Let’s conclude this chapter with two series of tests illustrating the performance differences depending on the case and the observed criterion (cf. figures 3.5-2/3). The canonical linear cube test case parallelizes very well. In centralized (or distributed), more than 96% (resp. 98%) of the construction and inversion phases of the linear system are parallelized. That is to say a theoretical speed-up close to 25 (resp. 50). In practice, on the parallel nodes of the centralized Aster machine, we obtain fairly good accelerations: effective speed-up of 14 out of 32 processors instead of the theoretical 17.

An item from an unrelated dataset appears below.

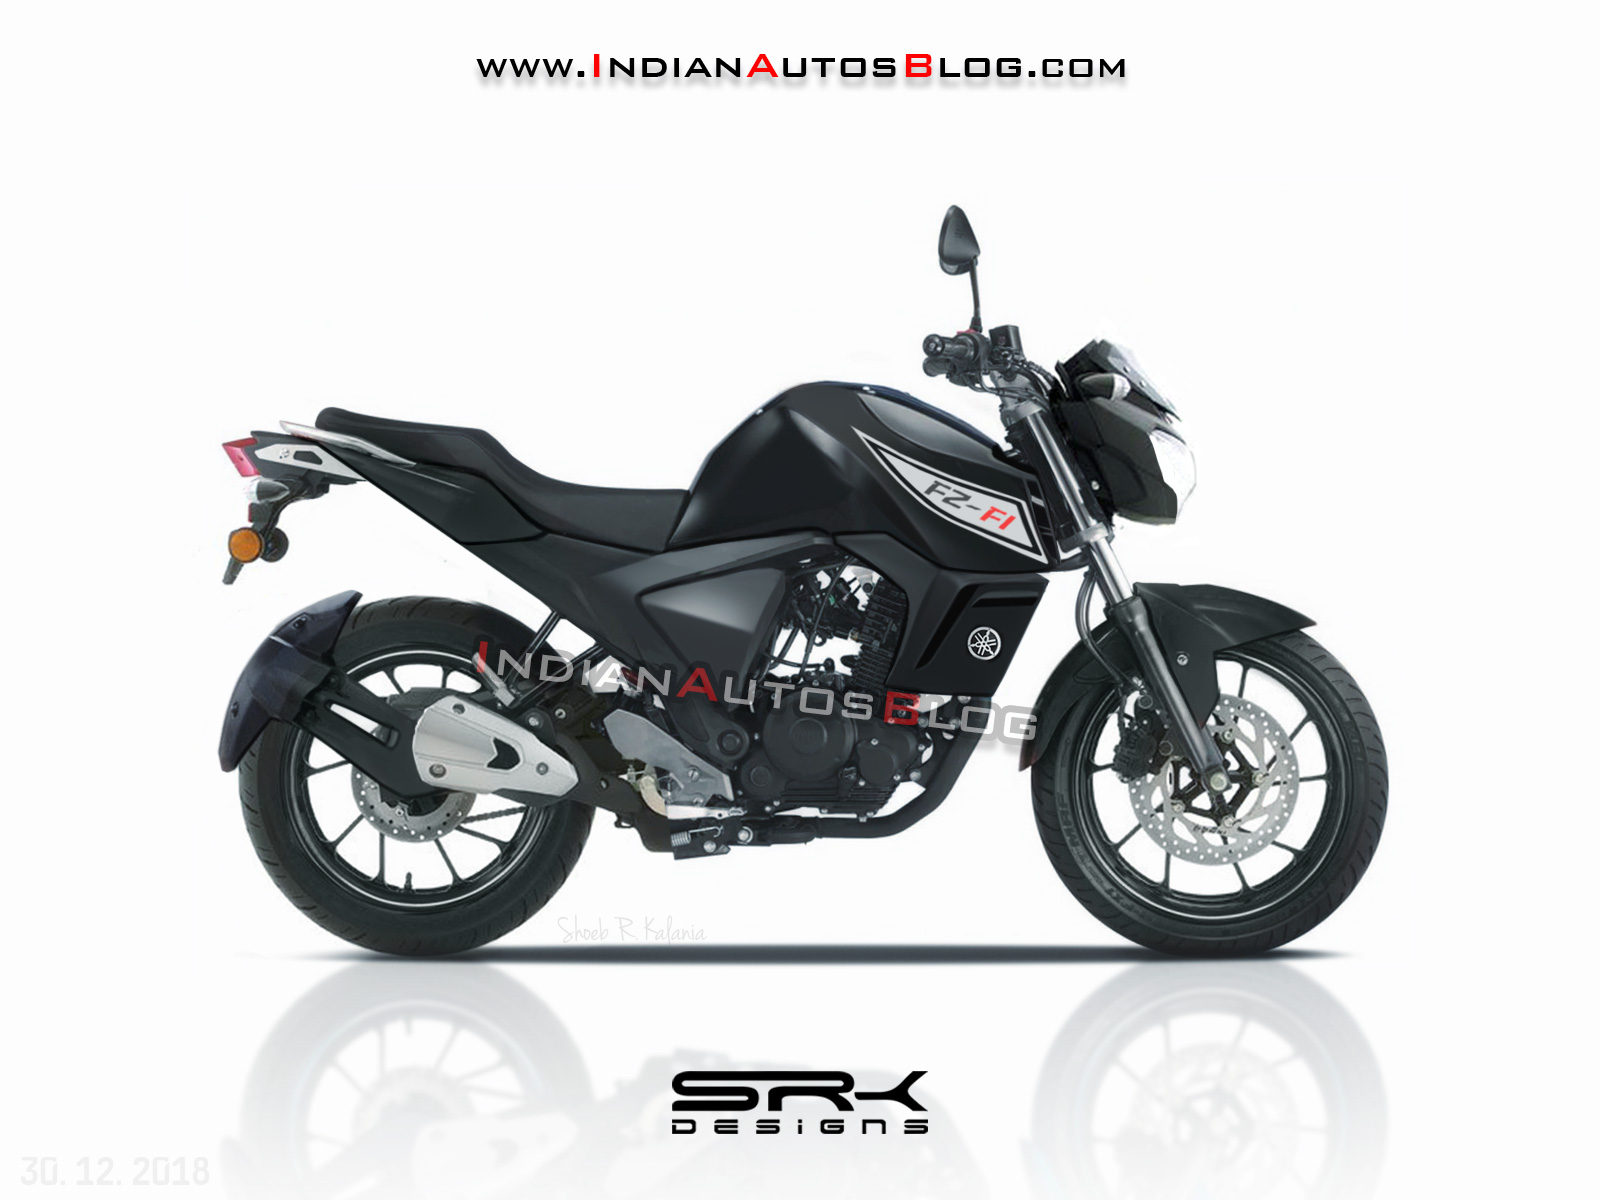 Upcoming Motorcycles In 2019 Yamaha Fz V3 New Bajaj Dominar 400

\(N\mathrm{=}0.7M\mathrm{/}\mathit{nnz}\mathrm{=}27M\)

%parallel centralized/distributed: 96/98

Theoretical speed-ups hundred. /dist. <25/50

32 proc (x1): ~3min

Conso. RAM IC: 4GB (1 proc) /1.3GB (16)

Conso. RAM OOC: 2GB (1 proc) /1.2GB (16)

Figure 3.5-2._ Linear mechanical calculation (op. MECA_STATIQUE) on the official cube test case (mumps05b). We build and solve a single linear system. Simulation performed on the centralized Aster machine with Code_Aster v11.0. Consumption RAM Aster+ MUMPS measured.

On the non-linear study of the pump, the gains that can be expected are lower. Given the sequential analysis phase of MUMPS, only 82% of the calculations are parallel. Hence, significant but more modest theoretical and effective speed-ups. From a memory point of view RAM, the OOC management of MUMPS provides interesting gains in both cases, but more pronounced for the pump: sequentially, gain IC vs OOC of the order of 85%, against 50% for the cube. By increasing the number of processors, the data distribution that parallelism induces progressively reduces this gain. But it remains prominent on the pump up to 16 processors and almost disappears with the cube.

\(N\mathrm{=}0.8M\mathrm{/}\mathit{nnz}\mathrm{=}28.2M\)

%parallel centralized/distributed: 55/82

Theoretical speed-ups hundred. /dist. <3/6

16 times ~15 min

Conso. RAM IC: 5.6GB (1 proc) /0.6GB (16)

Conso. RAM OOC: 0.9 GB (1 proc) /0.3 GB (16)

Figure 3.5-3._ Nonlinear mechanical calculation (op. STAT_NON_LINE) on a more industrial geometry (RIS pump). We build and solve 12 linear systems (3 time steps x 4 Newton steps). Simulation performed on the centralized Aster machine with Code_Aster v11.0. Estimated RAM MUMPS consumptions.